For Rust projects, add the runtime crate:
```toml
[dependencies]
antlr-rust-runtime = "0.1"
```
The library crate is imported as `antlr4_runtime`:
```rust
use antlr4_runtime::{CommonTokenStream, InputStream};
```
Install the companion generator binary:
```bash
cargo install antlr-rust-runtime
```
This installs `antlr4-rust-gen`, which turns ANTLR `.interp` metadata into Rust
lexer and parser modules.
### 3. Generate your parser
The current release uses a metadata-first generation path:
1. run the official ANTLR tool to produce `.interp` files,
2. run `antlr4-rust-gen` to emit Rust modules,
3. compile those modules against `antlr4_runtime`.

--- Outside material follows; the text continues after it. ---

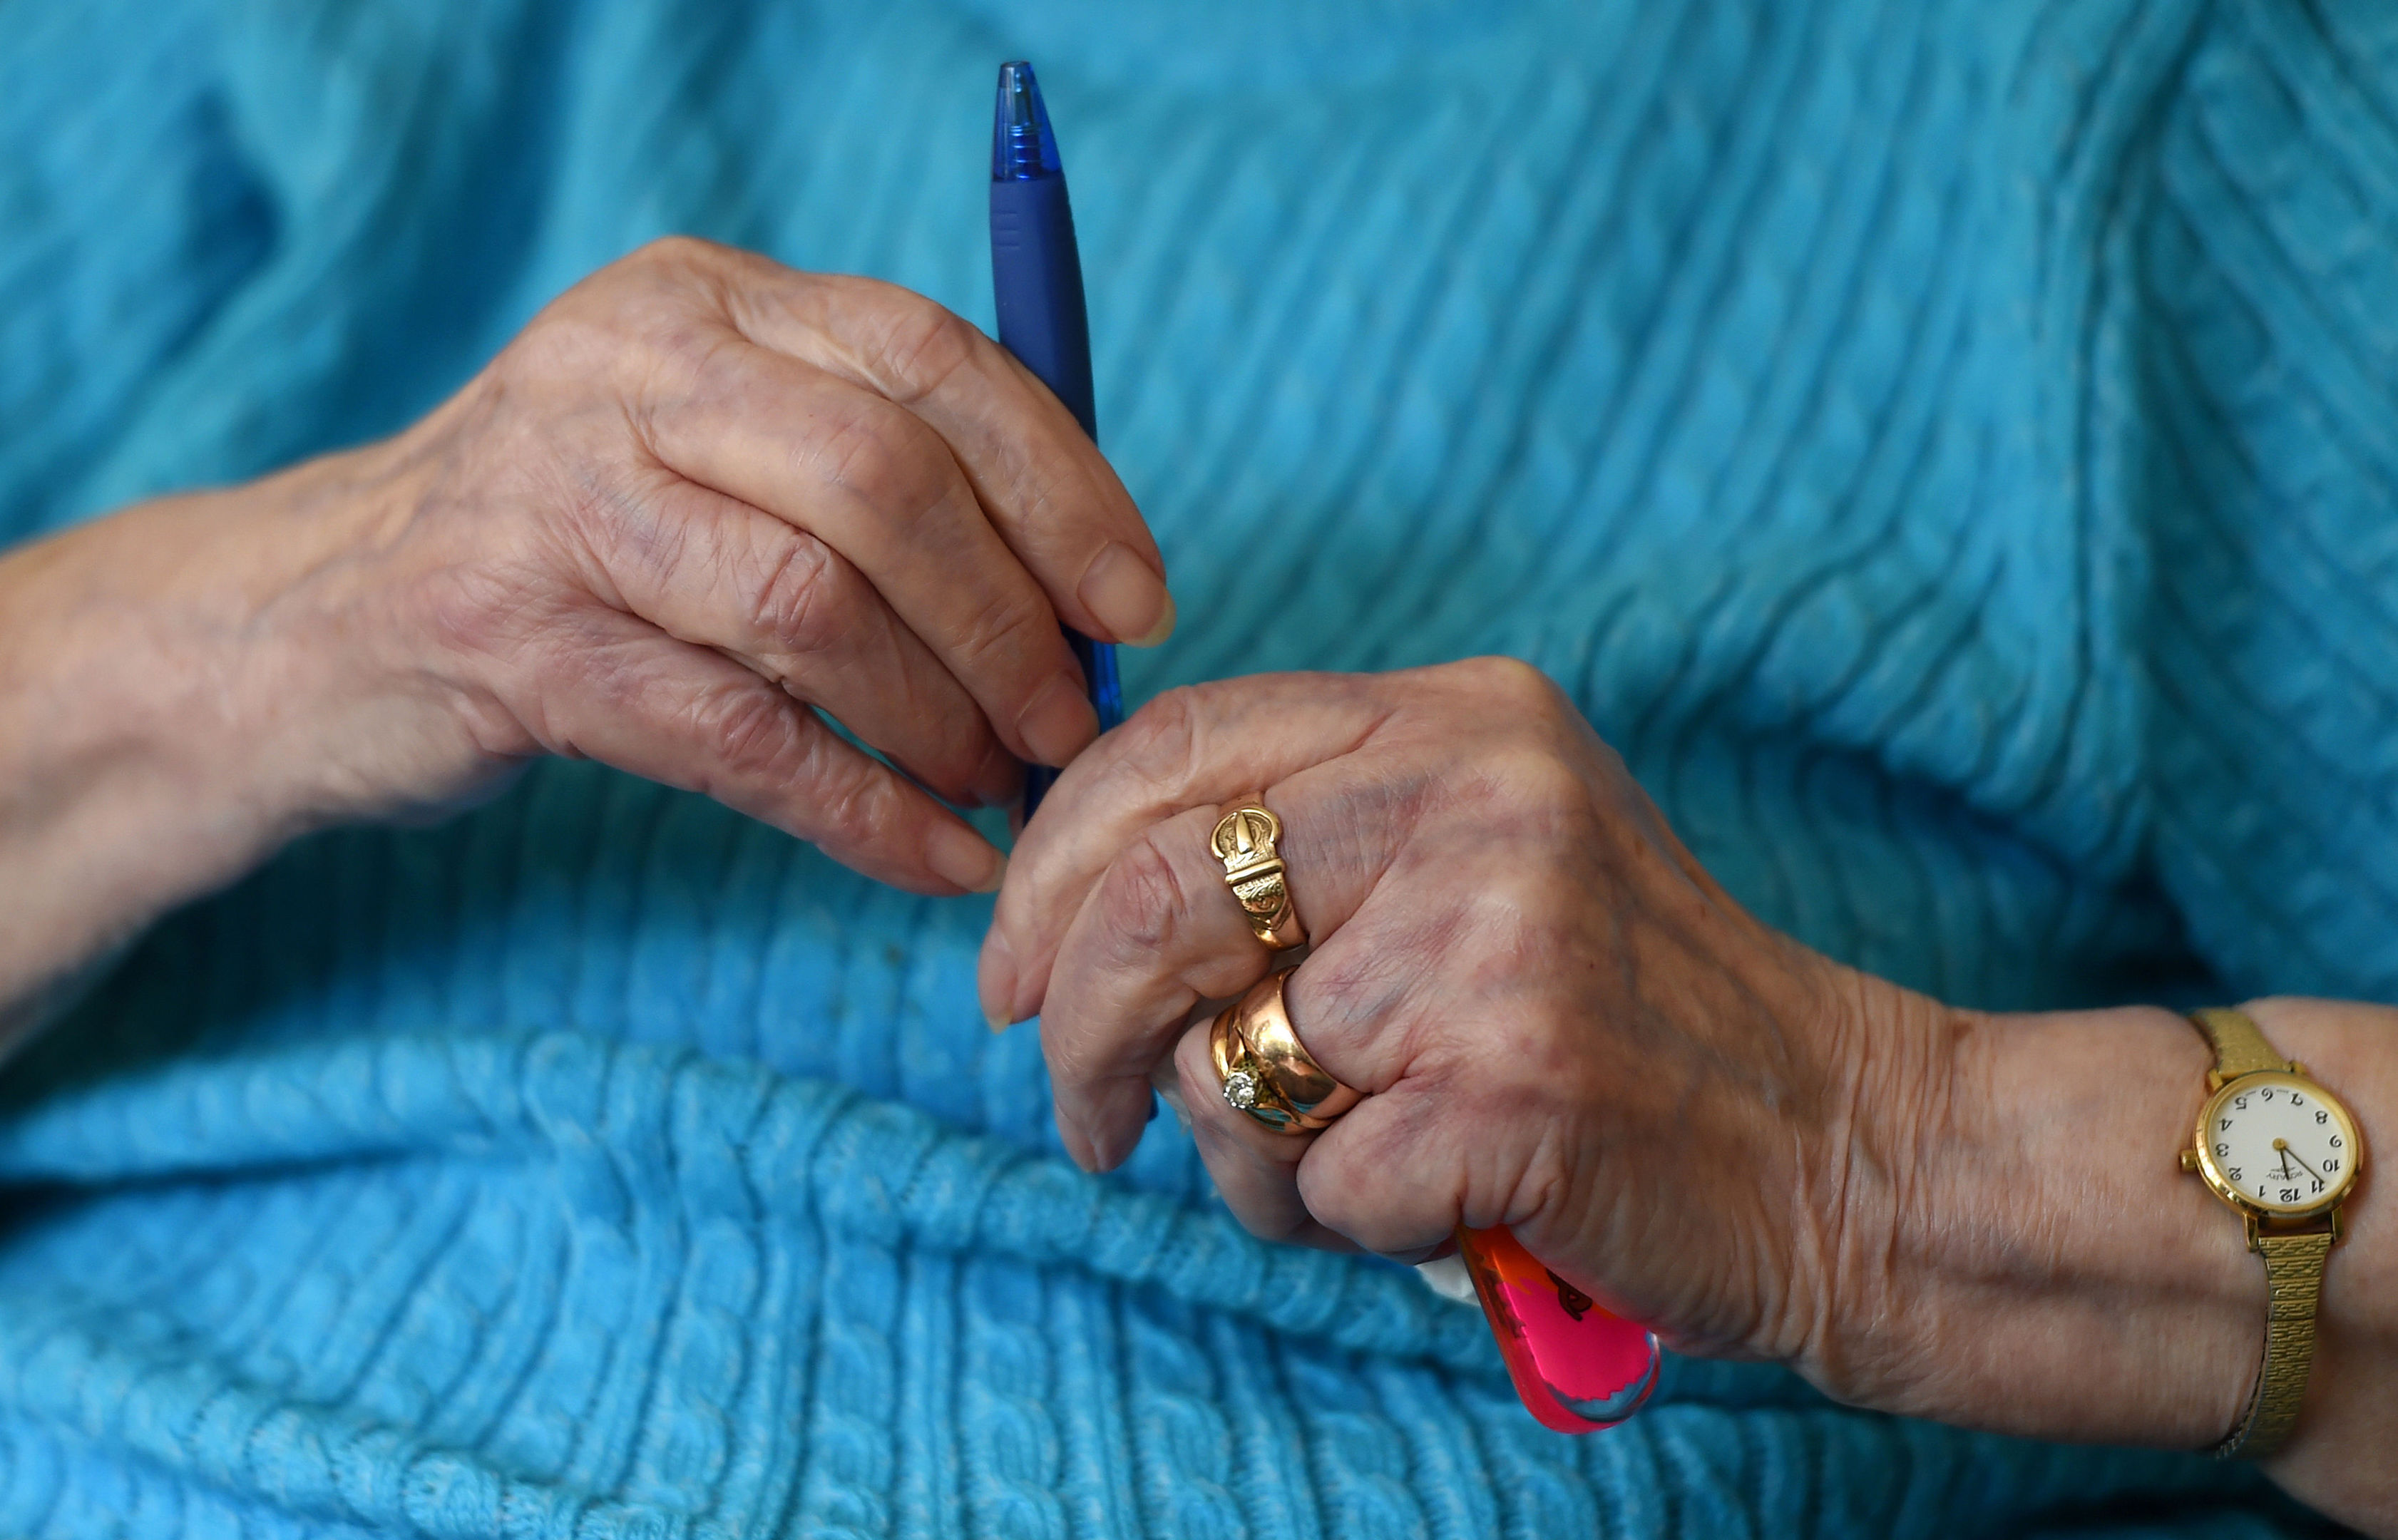 More than two-fifths of older people believe they have been targeted by scammers, with single people more likely to be tricked than their married counterparts, according to a new study. (Joe Giddens/PA Wire)

For a split lexer/parser grammar:
```bash
antlr4 MyGrammarLexer.g4 MyGrammarParser.g4
antlr4-rust-gen \
--lexer MyGrammarLexer.interp \
--parser MyGrammarParser.interp \
--out-dir src/generated
```
The checked-in ANTLR `RustTarget`/StringTemplate shell is kept in `tool/` and
will be expanded around the same runtime contracts.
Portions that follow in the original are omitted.